Evaluation Criteria: The relative evaluation of a katamnesis situation, as in comparison to the start situation, as "better" or "worse," can only be done in an external evaluation in the limiting sense for many items if in the course of study and at both measuring times it was evaluated with the same analysis instrument and with the same criteria, which as we showed, only happened in very few follow-up studies. But there are also many items that can be quantified retrospectivly, especially with good documentation, in a reliable form in "more" or "less." (for example, the number of stationary psychiatric admissions; suicidal attempts; length of partnerships; length of unemployment; income, etc.). If absolute evaluations such as "good" or "bad," are used, the roof and bottom effects are to be regarded. We mean to say that a person cannot essentially better an item evaluated as good and cannot extensively worsen an item evaluated as bad (comp. Simona-Politta, 1983).

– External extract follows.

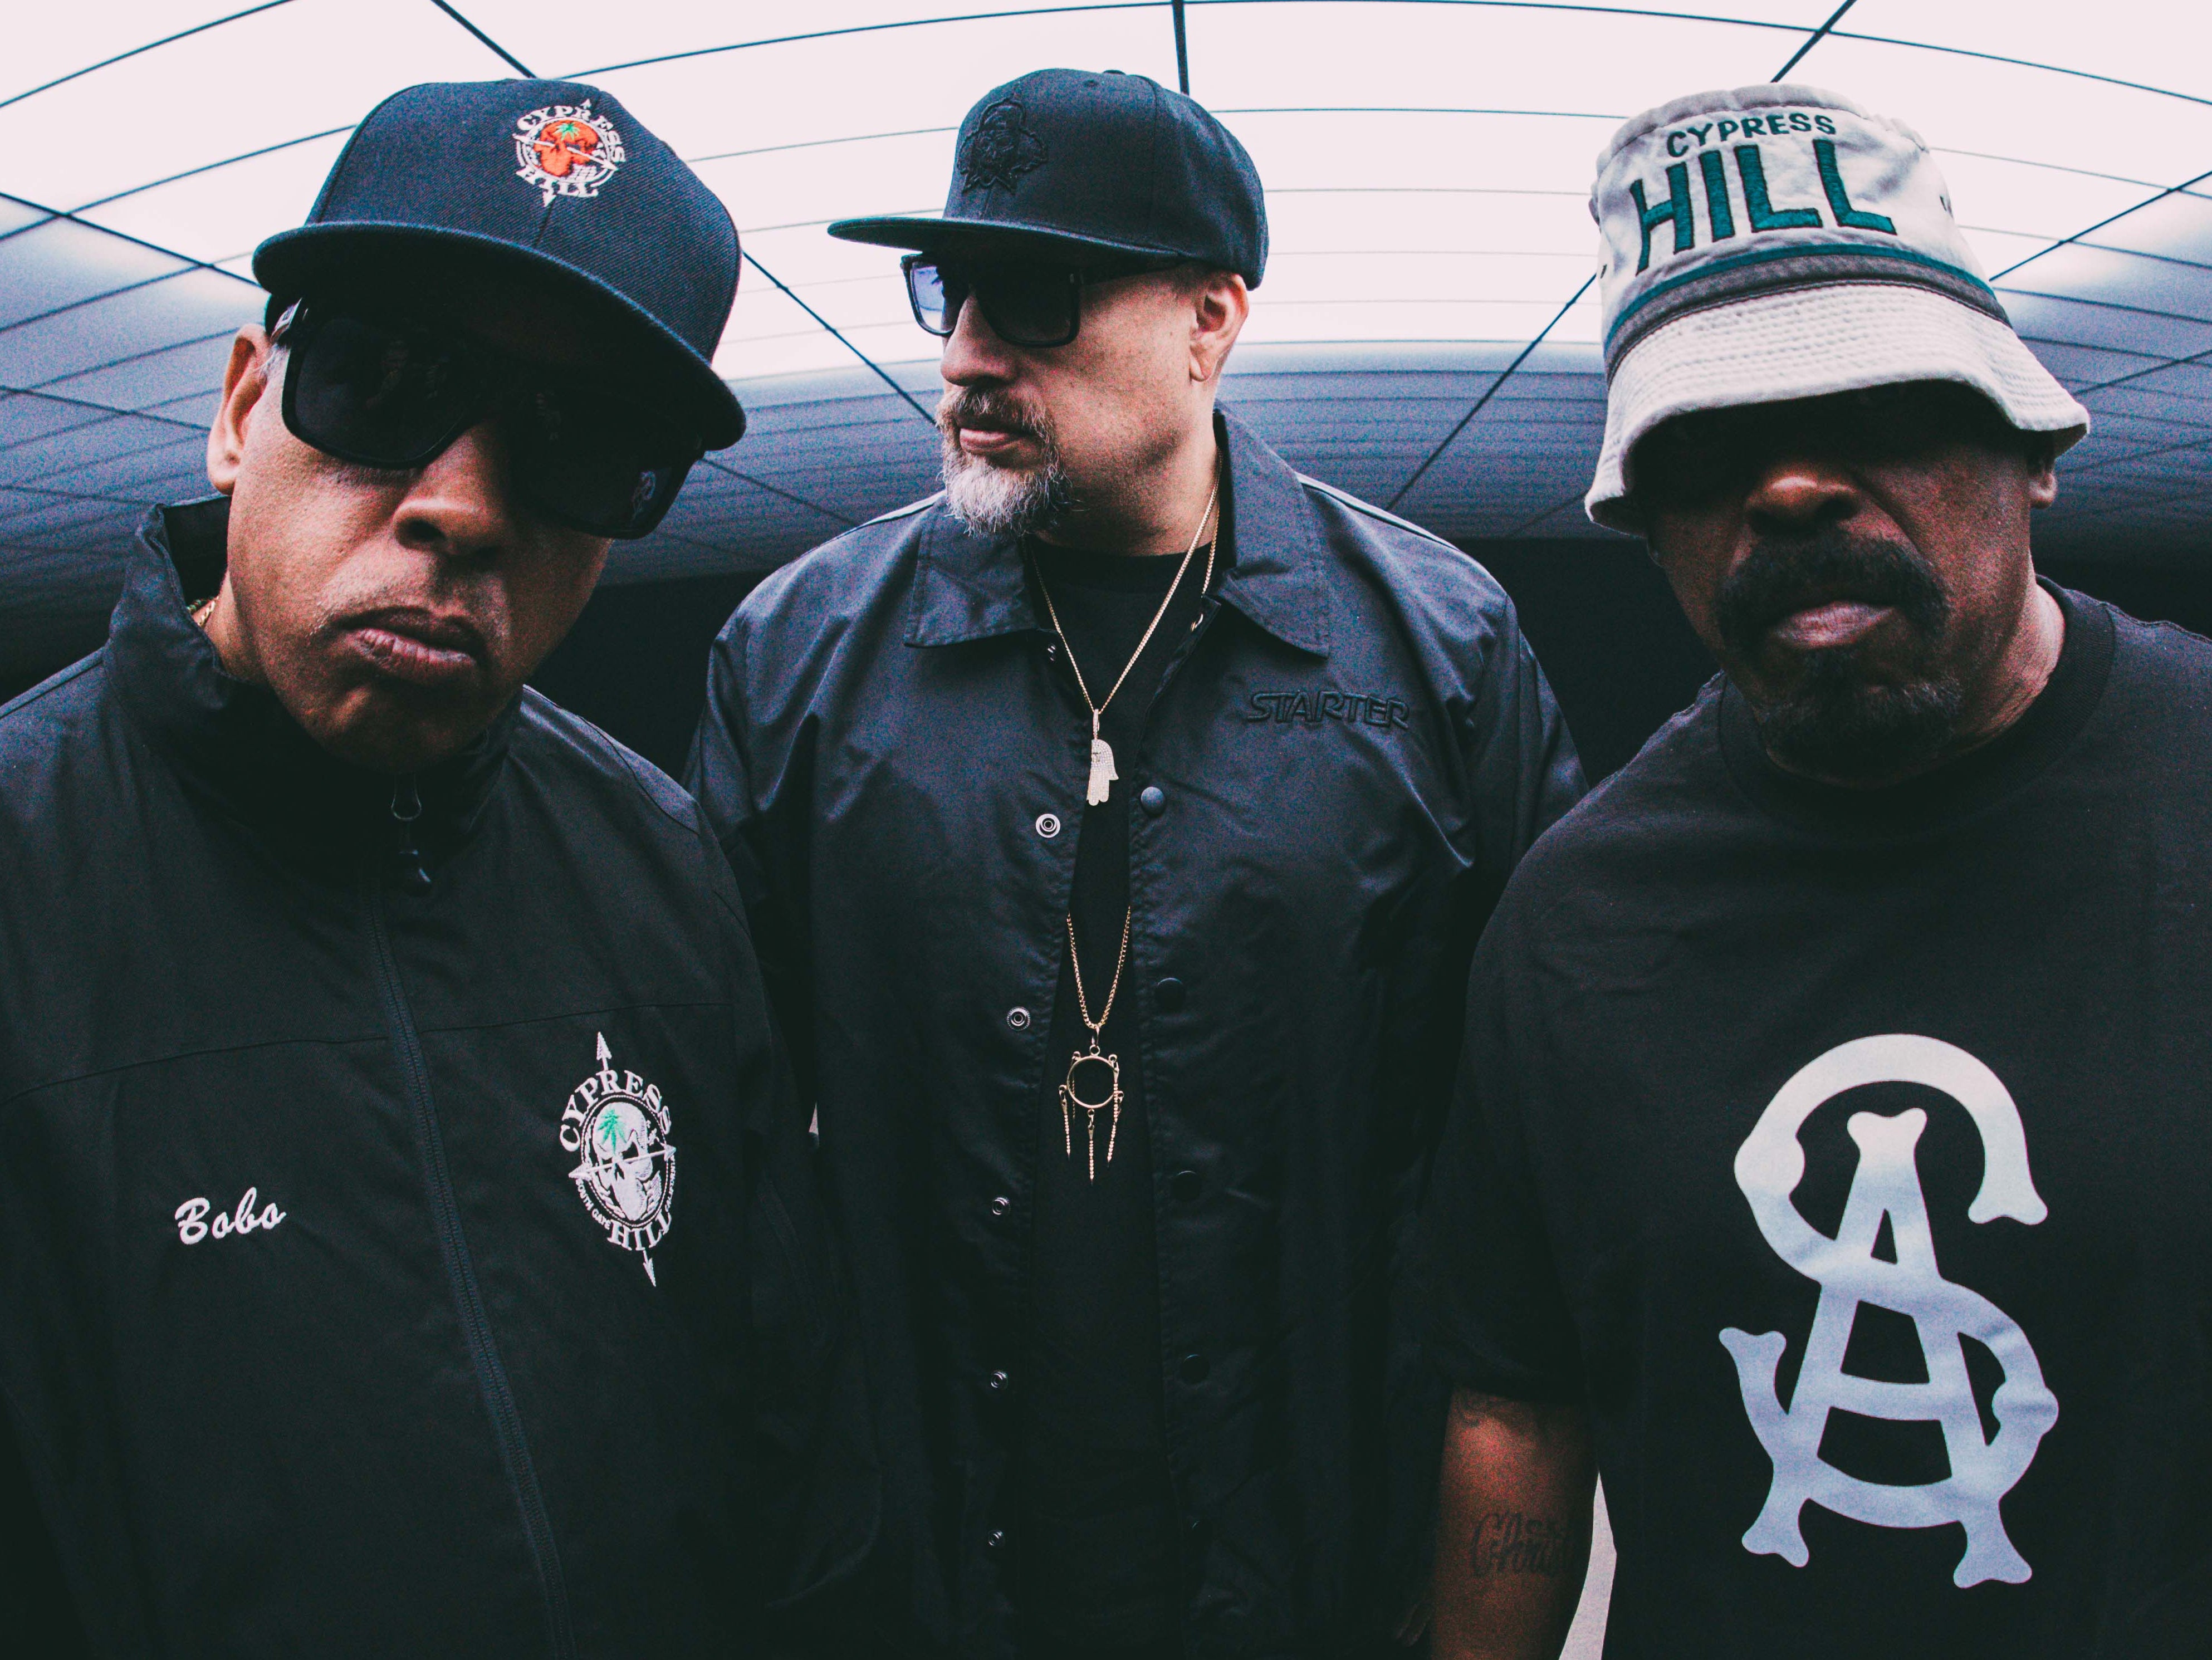 Cypress Hill in 2022: Percussionist Eric Bobo, B-Real and Sen Dog

To standardize the evaluation criteria, a few authors have developed a scaling system that we refer to extensively in the respective follow-up study in section 3 (Hastings, 1974; Laub & Fisk, 1974; Wålinder & Thuwe, 1975; Meyer & Reter, 1979; Hunt & Hampson, 1980 b; Lundström, 1981; Lindemalm et al., 1984; Fahrner et al, 1987; Dudle, 1989; Pfäfflin & Junge, 1990). Predecessors of the first scaling system by Hastings (1974) that highlighted the four areas of economic, sexual, social and mental well-being as the most important areas for the evaluation were the evaluation criteria by Benjamin (1964 a), Randell (1969) as well as Money & Ehrhardt (1970). The system used by Meyer & Reter (1979) is hardly convincing. The point-rated evaluation system developed by Hastings (1974) was used by Steiner (1976) and -- in altered form -- by Laub & Fisk (1974); Junge (1987); Pfäfflin & Junge (1990) and others. Frequently used was the scale by Hunt & Hampson (1988) that proved to be test-statistical reliable and measured by the MMPI as valid. It was used by many later follow-up studies with or without variation, resp., additions.